In recent years, the idea of functional and effective connectivity measurement of the brain has attracted much attention. Our brain is an interconnected network. The interaction between brain regions is fundamental to brain function and this interaction can be quantified by brain connectivity measurement methods. Brain connectivity usually refers to three basic terms: structural, functional and effective connectivity . Structural connectivity describes the anatomical structure of the brain and the pattern of anatomical links inside the brain . Functional and effective connectivity, on the other hand, relate to signals passing between brain subsections. While functional connectivity refers to statistical dependencies of neural activities between distinct areas of the brain, effective connectivity measures the causality of brain interactions . Different techniques have been introduced to measure both the functional and the effective connectivity [2, 3] of the brain using EEG signals, one of which is Dynamic Causal Modelling (DCM) . DCM measures the influence that one area of the brain exerts over itself or another area. DCM has some advantages over other conventional connectivity methods, such as being a biophysically informed model, accounting for nonlinearities of the neuronal system, and having a known input to the model. Because of this, many researchers have become interested in this approach. The validity of this method has been reported for different sets of brain responses such as visual and auditory responses  and it has been used in many studies for varied purposes, such as understanding the neural interactions in psychological disorders  or the vegetative state . Whilst DCM has potential advantages over other models, a possible weakness in the approach is the large number of parameters and initial assumptions which may cause instability in the algorithm.
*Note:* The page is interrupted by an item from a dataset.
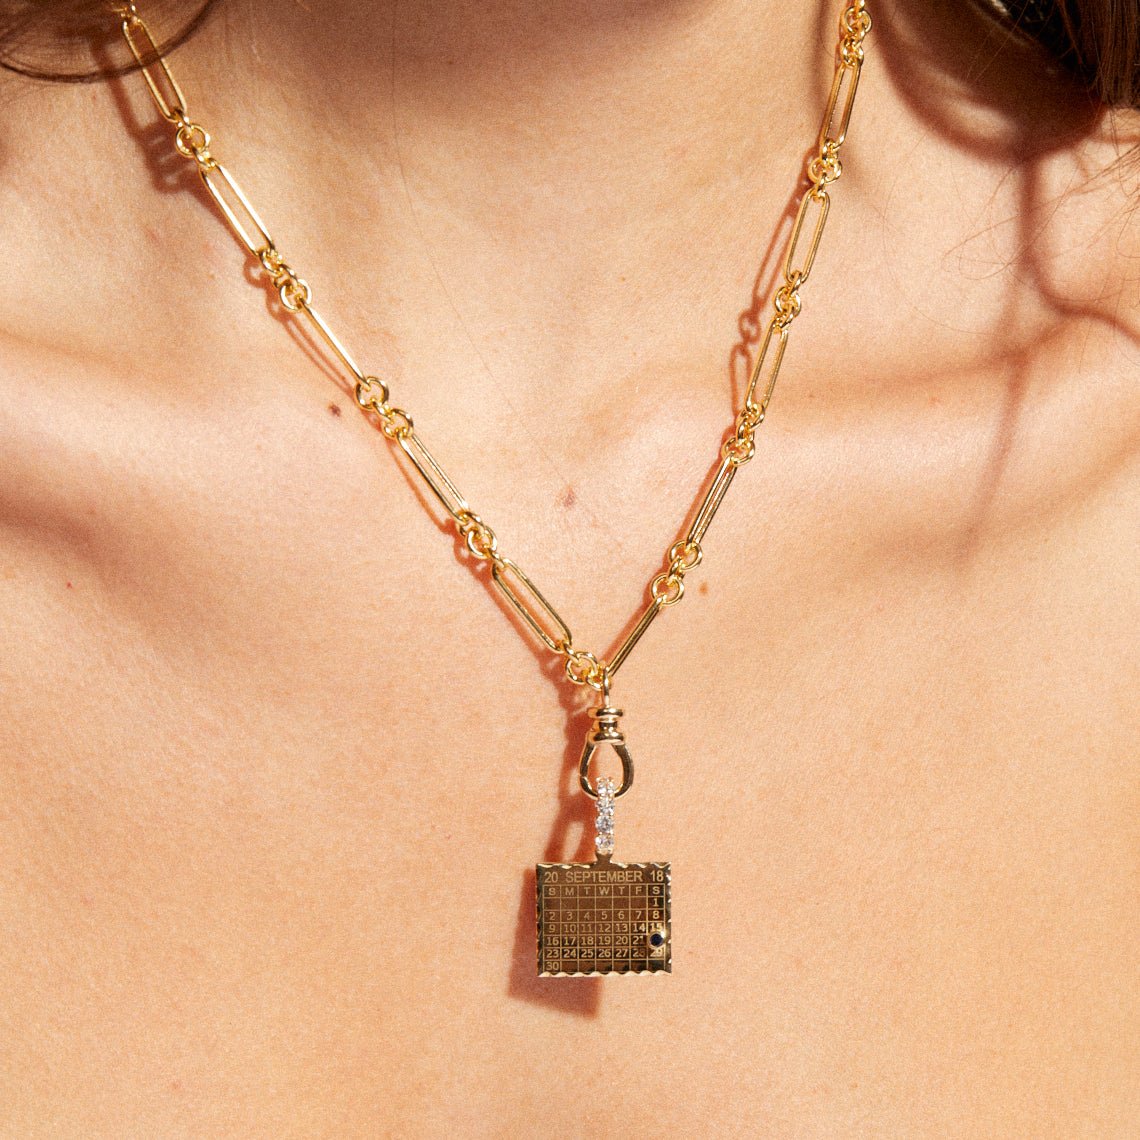 10K Gold Small Swivel Charm Connector - Peridot Fine Jewelry - Zahava

The DCM algorithm has been implemented in the Statistical Parametric Mapping (SPM) software which is a MATLAB-based toolbox . This software is used in this paper to model the effective connectivity of the brain using DCM in response to auditory stimulation.
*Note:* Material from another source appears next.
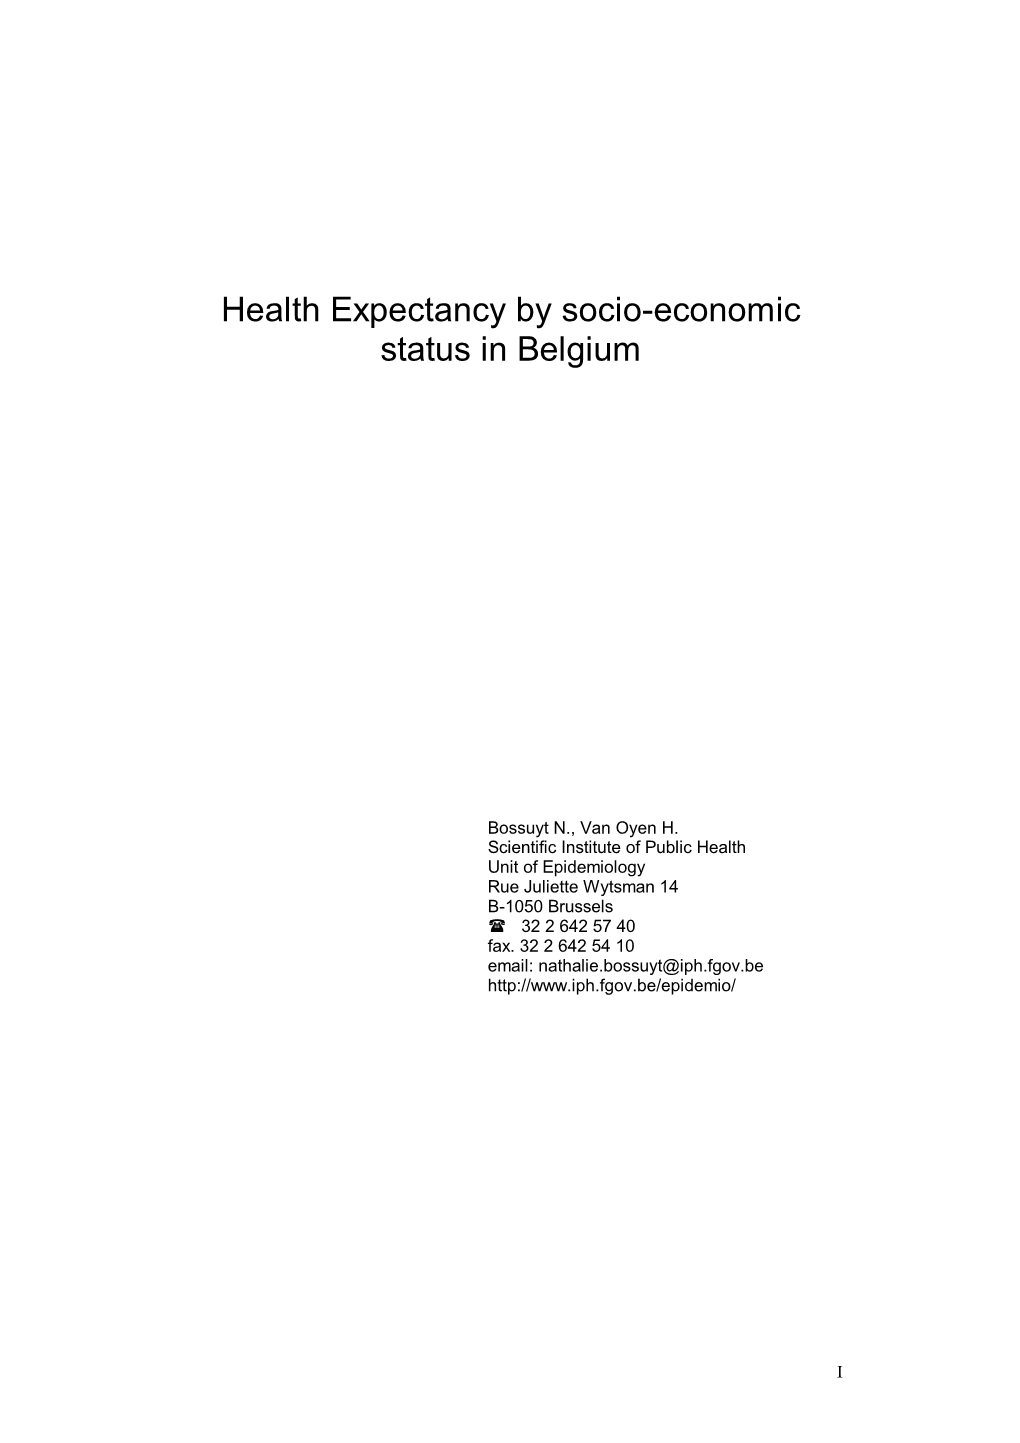 Health Expectancy by Socio-Economic Status in Belgium

In preparing to use this approach and the SPM toolbox, we tested the algorithm on different platforms and different versions of the toolbox and of Matlab. The current paper reports on inconsistent results obtained in this way and aims to alert to potentially misleading results arising with the use of this package. To the best of our knowledge, results of similar comparisons do not appear to have been published previously.
DCM first considers a neuronal mass model for brain regions of interest . Then, using the output response measured by EEG and some prior biological knowledge about model parameters and assuming an action-potential-like input to the system, DCM estimates the parameters so that the model fits the output. For this purpose, a Bayesian framework is employed in which the prior is the distribution of the parameters and the posterior is the probability distribution of the measured output. The prior hyperparameters are set according to knowledge about the architecture and behavioural characteristics of the brains neural networks . The remaining parameters are identified iteratively by minimising the free energy of the system, which can be regarded as the estimation error, using an expectation-maximisation (EM) algorithm. In each iteration, first a posterior distribution is calculated according to the minimum free energy (E-step) and then a new set of parameters are computed according to the updated posterior distribution (M-step). The EM procedure iterates the E and M steps until the decrease of the free energy stops. The important point is that various models (defined as different patterns of connectivity between brain regions) can be defined and compared according to the log-evidence (the probability of the output given a specific model) calculated from the model and the best fitted model is selected as the one with the highest log-evidence . This best model is considered significantly better than other models if its log-evidence is at least 3 units larger than the log-evidence of other models.
The DCM method was tested on data collected during auditory stimulation of normal-hearing subjects, in experiments that aimed to elucidate changes in brain connectivity during pure-tone and speech stimulation. Only results from the former protocol are reported here.
A. Stimulus Characteristics
Two pure tones were presented binaurally at 55dBHL approximately every 2 seconds at random intervals. The tones were 80ms-long 1kH (120 times) and 2 kHz (480 times) tones with 5ms-long rise and fall times.
B. Data acquisition
The ethical approval was received for this study and the participant consented to take part in the experiment. A 66-channel EEG cap with equidistant electrode positions was placed over the head of a 30-year-old normal hearing male subject. The reference of the system was the nose tip and the ground electrode was placed on the line passing the nose tip and the brain vertex just above the forehead. The subject listened to the randomly played tones with eyes closed while sitting in a comfortable armchair.
C. EEG pre-processing
EEG was filtered in the 0-30Hz band and epoched around the onset of the 2kHz stimulus (200ms pre- and 500ms poststimulus). Data were visually checked and showed the expected evoked potential. Fifteen different sets of data were generated by randomly selecting 240 epochs from the 2kHz stimulus and averaging them. Electrode positions were coregistered to the template MRI map available in the SPM8 toolbox with nasion, right, and left auricular points being the fiducial points which were defined manually.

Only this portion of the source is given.